Welcome to a special blog post! Here is where the randomness rears its head on this blog.
I just needed to send this question out into the universe.
Are you searching for Christmas spirit this year?
I have gone through waves of disappointment, embarrassment or complete indifference this past month as I thought about this question. I guess it is because my usual traditions are not working. Let me explain.

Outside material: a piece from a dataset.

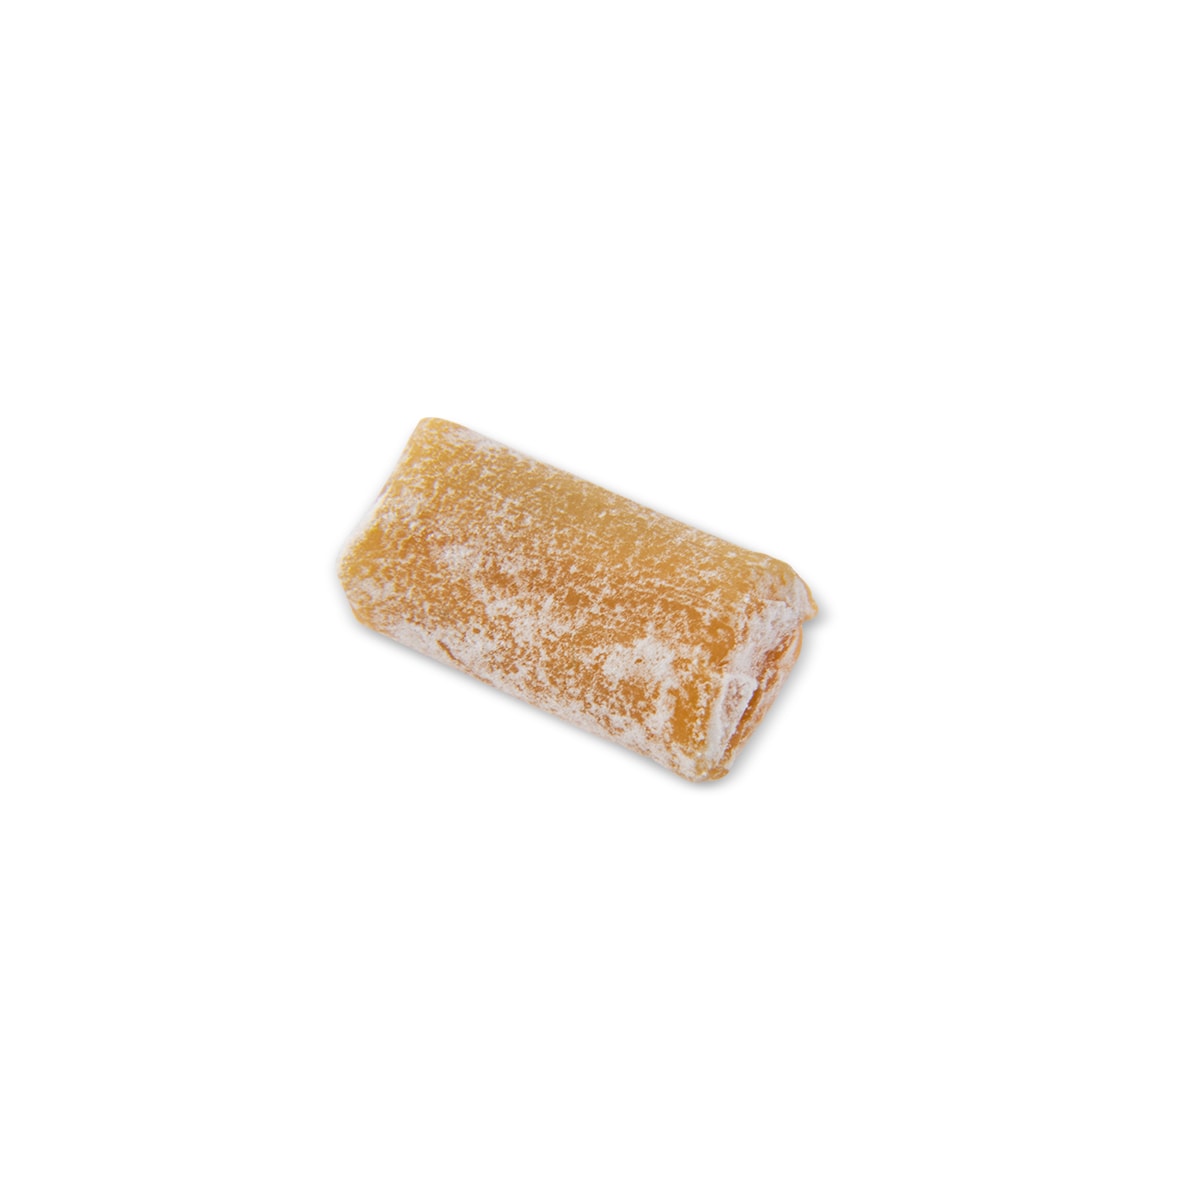 Endoca, CBD Chewing Gum, Peppermint, 10ct, 150mg CBD 4

I live in New Jersey. If you live on the east coast right now, you might understand where I am going with this. It is usually quite cold this time of year. We even get ice and snow. However, this year we have record temperature in the wrong direction. The day I went into the NYC with my mom, it was close to 80 degrees outside. Looking at the Rockefeller Tree felt odd. Watching people skate in Rockefeller Rink in shorts was weird. Looking at the windows while sweating was weird. My trip to New York City with my mom to enjoy some windows, the tree, shopping and tea had gotten too weird. Did I say weird enough yet? No? Just making sure. I love going to have some tea while looking at beautiful lights but on that day, it felt like it was a typical spring day in the city.
Another tradition of mine, baking cookies, did not even help. I was indifferent to that. It was something that needed to be done. I helped out. It felt like a chore instead of something that could be fun to do with my family. That didn’t stop me from eating my weight in cookies, but I digress.
I don’t know if it is the warm weather. I don’t know if my traditions that I adore are failing me. Maybe it is my age. I am getting older. I didn’t even have anything to put on a list for my family. I told them to get me anything for Christmas. I will be happy with anything.
I will say that I am excited for my family to open the presents I got them this year. I’ve noticed that over the month. I felt that twinge of Christmas spirit when I was wrapping the gifts I bought for my family.
Maybe, just maybe, the reason not all my traditions are putting me in the Christmas spirit is because they are juvenile. Not that being juvenile cannot be fun, but age seems to change how I approach the holidays now.
I would rather just spend time with my family doing something spontaneous than preplanned traditions that I have done so many times before. I like buying presents for them that reference inside jokes or something they have been looking at and haven’t bought for themselves. That gives me twinges of Christmas spirit. It warms the cold cockles of my heart to think about my family being happy. Not me, just my family.
How do you feel this holiday season? Are you full of the Christmas spirit or are you like me? Struggling to understand what went wrong this year?
In closing, I will say that I still have hope that Christmas spirit will find its way back to my heart. I may only be for one day, but one day is better than never happening at all.
Until Wednesday, the randomness has ended. Hope you enjoyed.